- Born: November 27, 1914 Detroit, Michigan, U.S.
- Died: January 24, 1971 (aged 56) Boca Raton, Florida, U.S.
- Occupation: Racehorse owner/breeder
- Spouse(s): James Johnson (m. 1938; div. 1948) Frederick Van Lennep ​ ​(m. 1949)​
- Parent(s): John Francis Dodge Matilda Dodge Wilson

= Frances Dodge =

American businesswoman

Frances Dodge (November 27, 1914 – January 24, 1971) was an American horsewoman and racehorse owner. She was the daughter of John Francis Dodge, co-founder of Dodge Motor Company.

== Biography ==
She was the eldest of the three children of John Francis Dodge (co-founder of Dodge Motor Company) and his third wife Matilda Rausch Dodge (Wilson). The Dodges had three other children and lived their early years in Detroit and Grosse Pointe. In 1920, after the death of John Dodge, the family moved to Meadow Brook Farms in Rochester, Michigan, which had been a hunting and golf retreat for the Dodge brothers. She was encouraged to ride along with her brother, Daniel, and this sparked a lifelong passion for horses. Frances finished high school at Mt. Vernon Seminary (Now the George Washington University) in 1933 and married James Johnson on July 1, 1938. The next year, on her 25th birthday, Frances received control of her $10,000,000 trust fund from the John Dodge estate).

Frances founded Dodge Stables at Meadow Brook Farm where she bred American Saddlebreds. Under the management of Wallace Bailey, and later, Earl Teater, Dodge Stables became notable in the show horse world. She and Jimmy Johnson's breeding program produced a string of champions including Wing Commander, a five-gaited horse who became highly notable in the show horse world.

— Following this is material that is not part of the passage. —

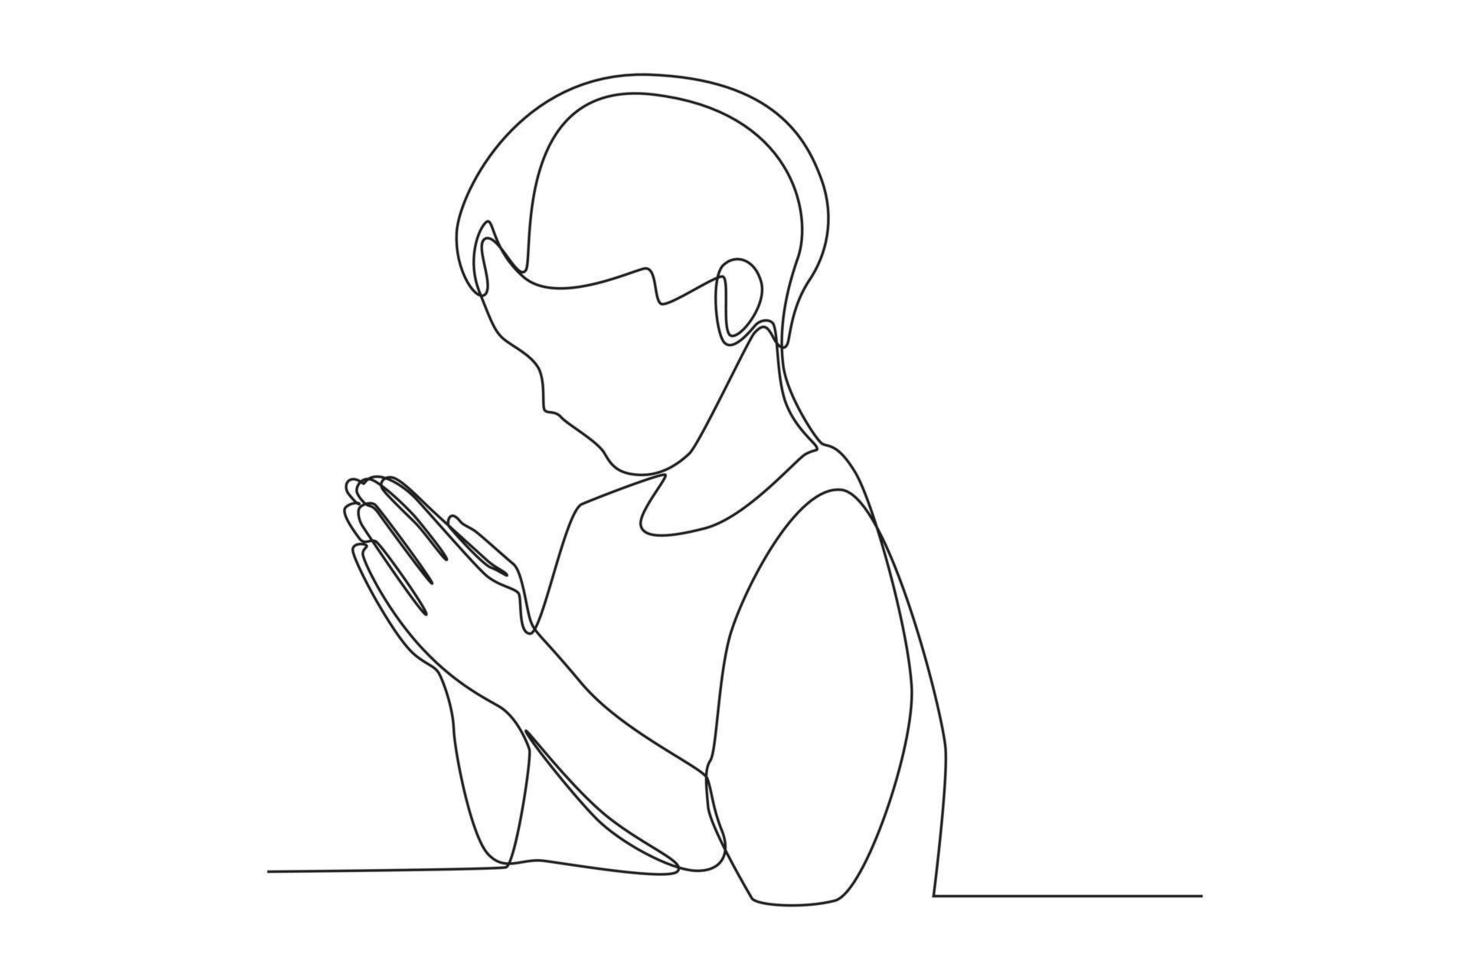 Continuous one line drawing little boy praying for world peace. Peace day concept. Single line draw design vector graphic illustration.

In 1945, she and her husband bought Castleton Farm in Lexington, Kentucky, a former Thoroughbred breeding and stud farm. As her older half-sister, Isabel who owned Brookmeade Stable, Frances Dodge also became interested in horse racing and breeding. Castleton was to become a Standardbred breeding farm as successful as any worldwide. Together, the Johnsons won the Hambletonian Stakes in 1948 with homebred Hoot Mon, and again with Victory Song. Their red chestnut pacing star, Ensign Hanover, won the Little Brown Jug in 1949. It is believed that Ensign Hanover is the first horse to have ever flown in an airplane, when he flew, crosstied in the aisle of a DC-3 cargo plane from Indiana to New York where he won a stake race at Roosevelt Raceway (the idea was put forth by famed aviator Wiley Post). On September 27, 1940, Mrs. Johnson set the record for trotting under saddle, riding Greyhound, completing a mile in 2:01.3/4 at Lexington, Kentucky's famous Red Mile. This record stood for 54 years until broken by Moni Maker, a trotter bred by Mrs. van Lennep's daughter, Fredericka Caldwell.

Divorced from her first husband in 1948, she married Frederick Van Lennep in 1949. That same year, Dodge Stables was moved to Castleton Farm.

Frances Dodge continued to support harness racing and was considered one of the women pioneers in the sport.

In 1972, she was elected to the World Championship Horse Show Hall of Fame, along with her horse Wing Commander, and trainer Earl Teater.

The Van Lennep Memorial Achievement Award is given to recognize extraordinary contribution by an individual or organization in the Standardbred industry. Though named for Frederick Van Lennep, Mr. Van Lennep credited his wife for much of the success of Castleton Farm.